During his mastership the Rotunda experienced the highest maternal mortality rate in its history. In 1867, to combat the scourge of puerperal fever and high maternal mortality rates, Kennedy sent a letter to his fellow governors (Dublin Q. Jn. Med. Sc., xliv (Aug.–Nov. 1867), 514–21) proposing a radical restructuring of the hospital: he advocated building thirty chalets, each housing two maternity patients and one nurse, thus providing conditions of private practice, the appropriation of additional wards for gynaecology and the treatment of children, and the extension of extern maternity practice. The governors rejected his proposals. Undaunted, he presented his important paper ‘Zymotic diseases, as more especially illustrated by puerperal diseases’ (Dublin Q. Jn. Med. Sc., xlvii (Feb. and May. 1869), 269–307) to the Dublin Obstetrical Society. His thesis was that puerperal fever was a contagious and preventable disease, transmitted to one patient by another or by a nurse or doctor; he demonstrated statistically that the maternal death rate in large hospitals was everywhere higher than in smaller hospitals or among women delivered in their own homes, and calculated that deaths could be reduced to one-ninth of their present number if what he had proposed to the governors were to be adopted. The paper provoked discussion for eleven nights by seventeen physicians (Dublin Q. Jn. Med. Sc., xlviii (Aug.–Nov. 1869), 225–429), but his explanation and remedies were considered unsatisfactory. Finally, in 1870 he suggested to the governors that isolation wards should be built, a system that was not instituted until 1903.
He contributed papers to medical journals, and in 1839 was awarded an hon. MD from TCD. He was elected fellow (1839) and president (1853) of the (R)K&QCP(I). Other offices included the directorship of the Vaccine Institution; consulting physician to the Dublin Eye and Ear Hospital, 23 Ely Place; president (1871) and chairman of the council (1872) of the Irish Medical Association; vice-president of the Société d'Afrique, Paris; corresponding member of the Medical Society of Hamburg; hon. member of the Hunterian Medical Society, Edinburgh; and hon. fellow of the Edinburgh Obstetrical Society.
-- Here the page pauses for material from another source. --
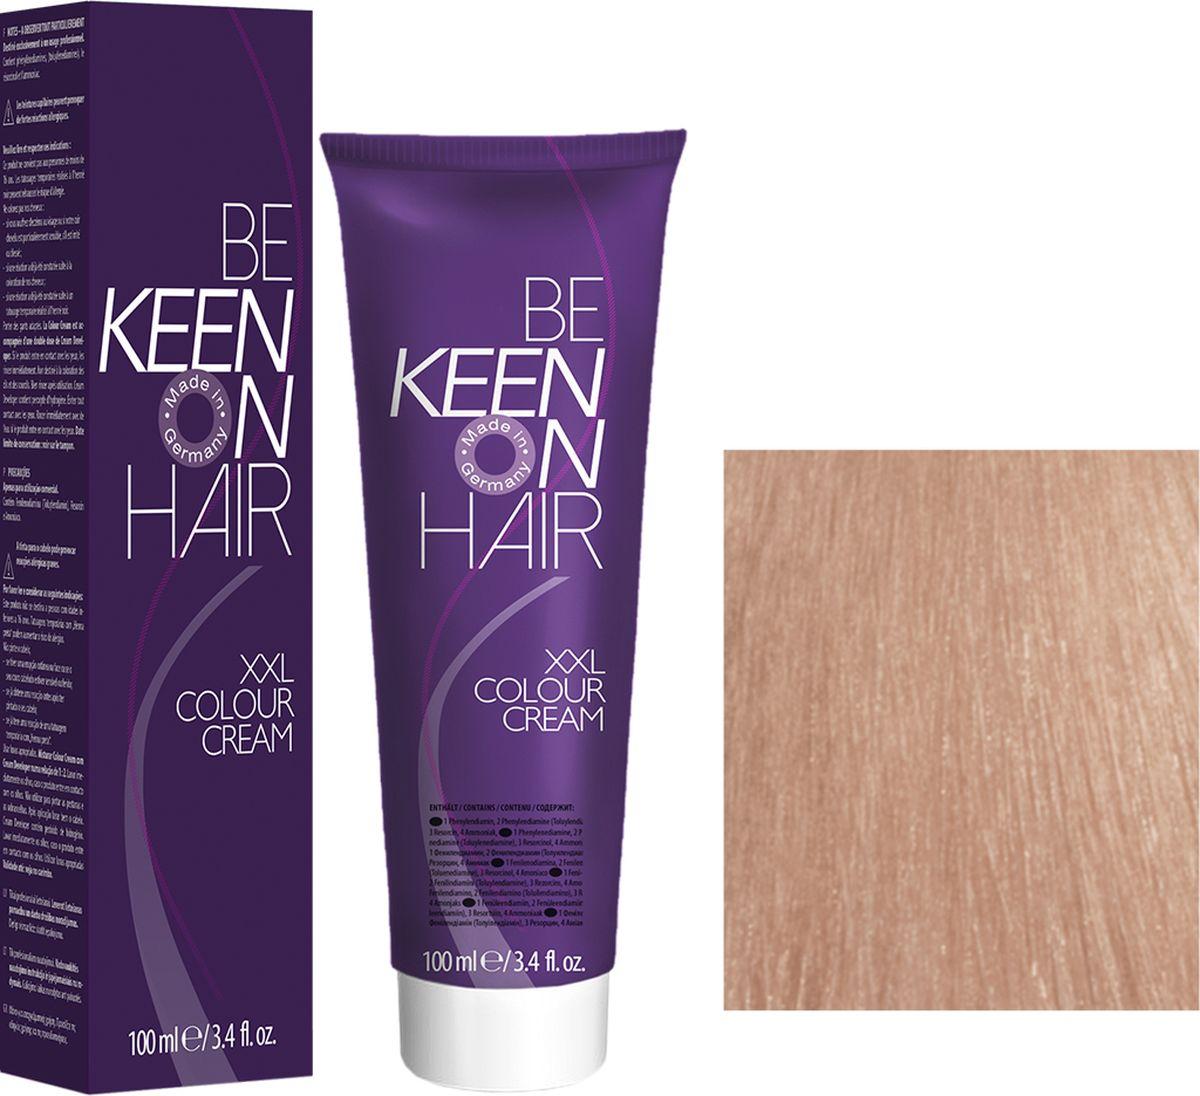 Keen Краска для волос 10.7 Ультра-светлый коричневый блондин Ultrahellblond Braun, 100 мл69100101Модные оттенкиБолее 100 оттенков для креативной комбинации цветов.ЭкономичностьПри использовании тюбика 100 мл вы получаете оптимальное соотношение цены и качества!УходМолочный белок поддерживает структуру волоса во время окрашивания и придает волосам блеск и шелковистость. Протеины хорошо встраиваются в волосы и снабжают их влагой.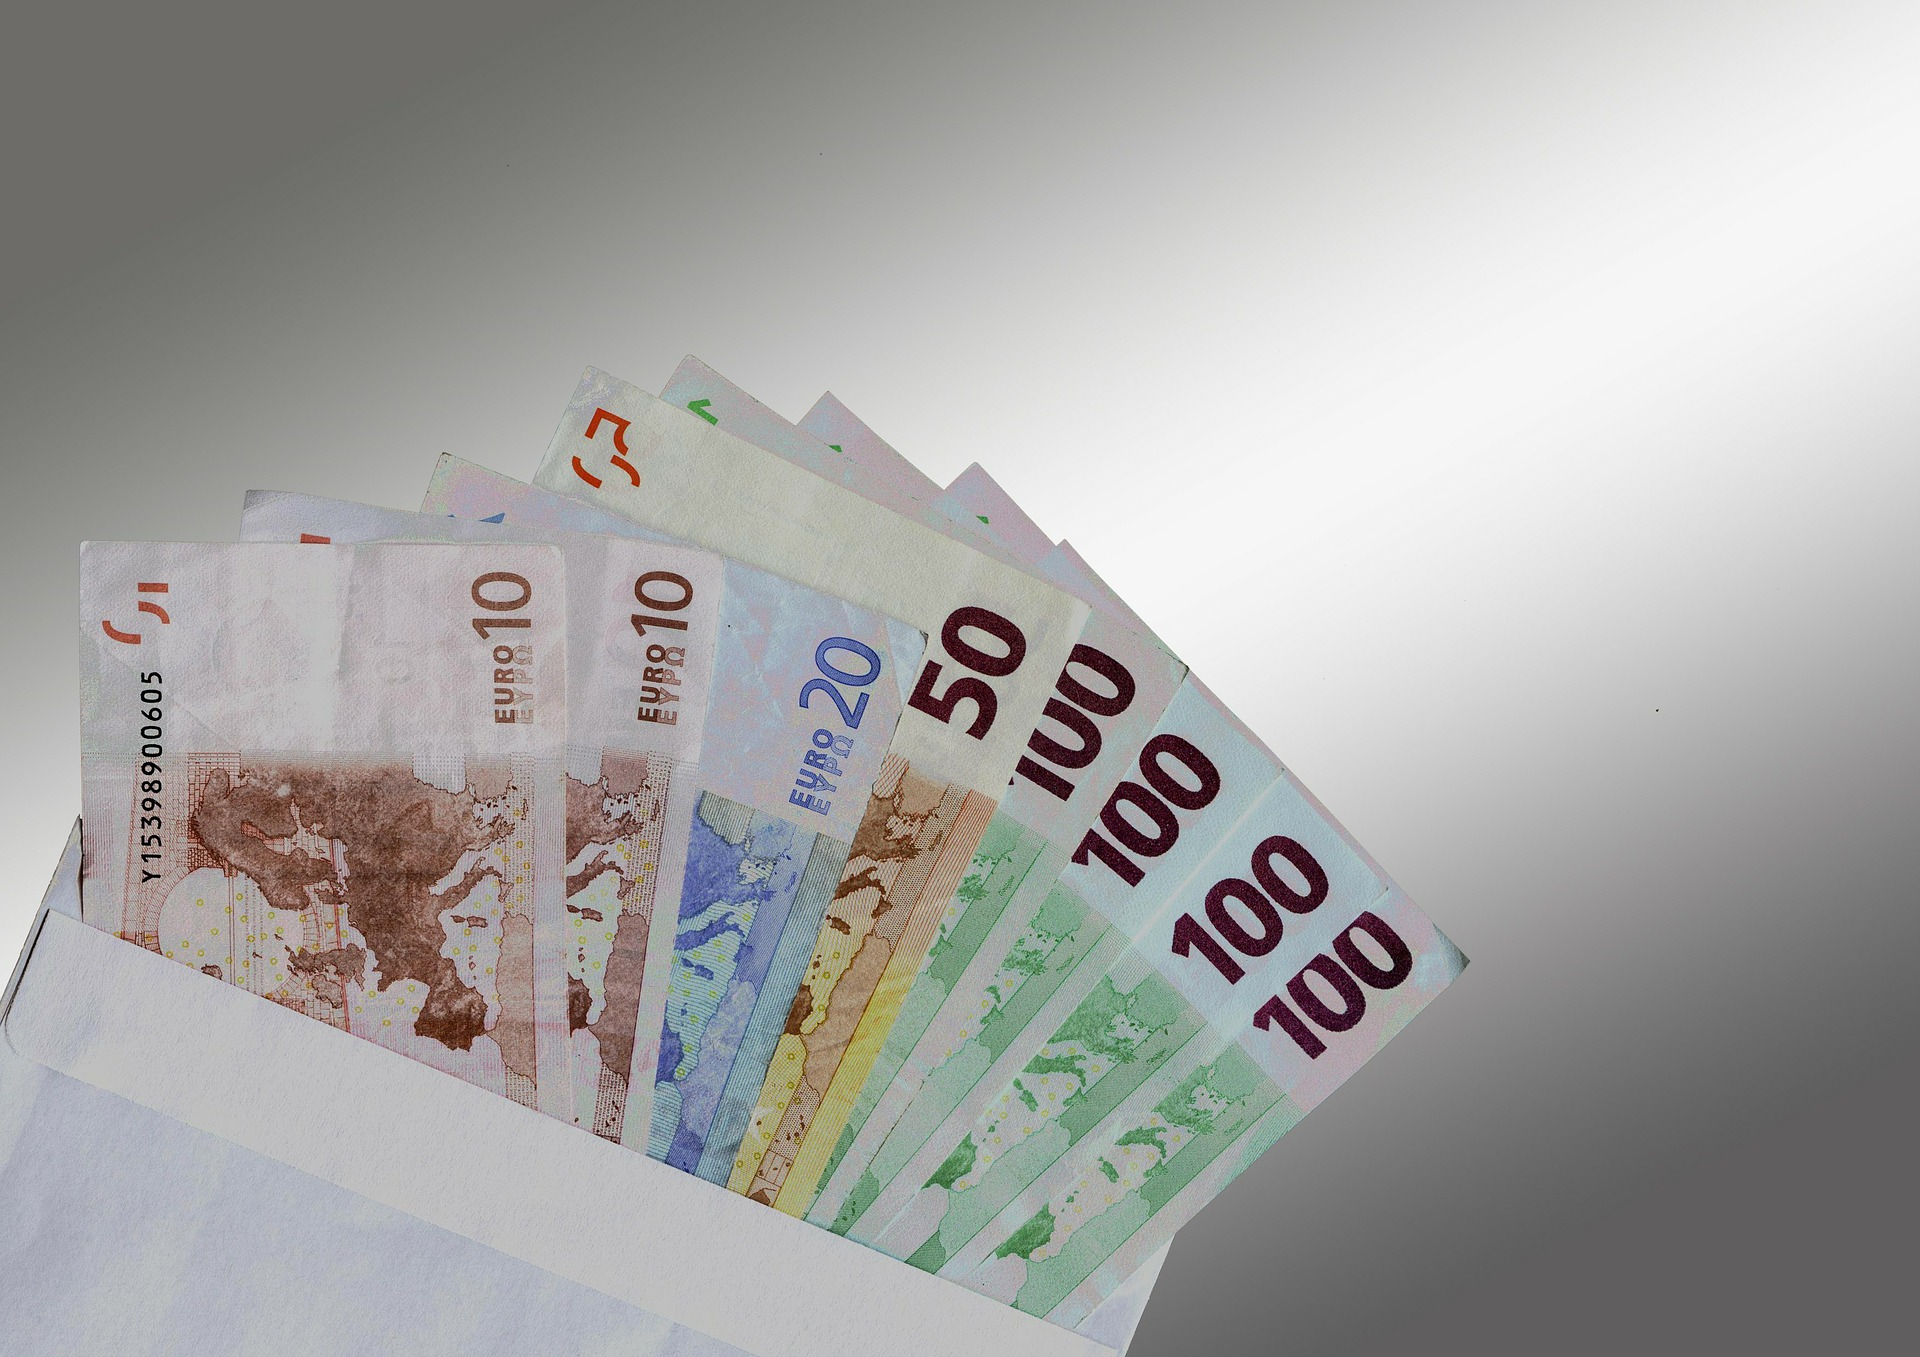 precios detectives - euros - honorarios detectives

In retirement he lived at Belgard Castle, Clondalkin, Co. Dublin, and became a JP and DL of Co. Dublin. He sought unsuccessfully in 1874 to represent Donegal county in parliament – his candidature stimulating various comments in verse. A literary man, he entertained Thomas Carlyle during his visit to Ireland in 1849 and contributed an article, ‘On the principles and uses of alliteration in poetry’, to The afternoon lectures of literature and art (Dublin, 1866). He moved to London and died 23 April 1886 at his home, 20 Queensberry Place, and was buried in Mount Jerome cemetery, Dublin. A portrait by his nephew Charles Napier Kennedy (1852–92) hangs in the Rotunda Hospital. His brothers included John Pitt Kennedy (qv), military secretary to Sir Charles Napier in India, and Tristram Edward Kennedy (qv), MP for Co. Louth. He married (1835) Alicia Hamilton (d. 1867); they had seven daughters and three sons. His granddaughter Dorothy Stopford Price (qv) was a pioneer in vaccination against tuberculosis.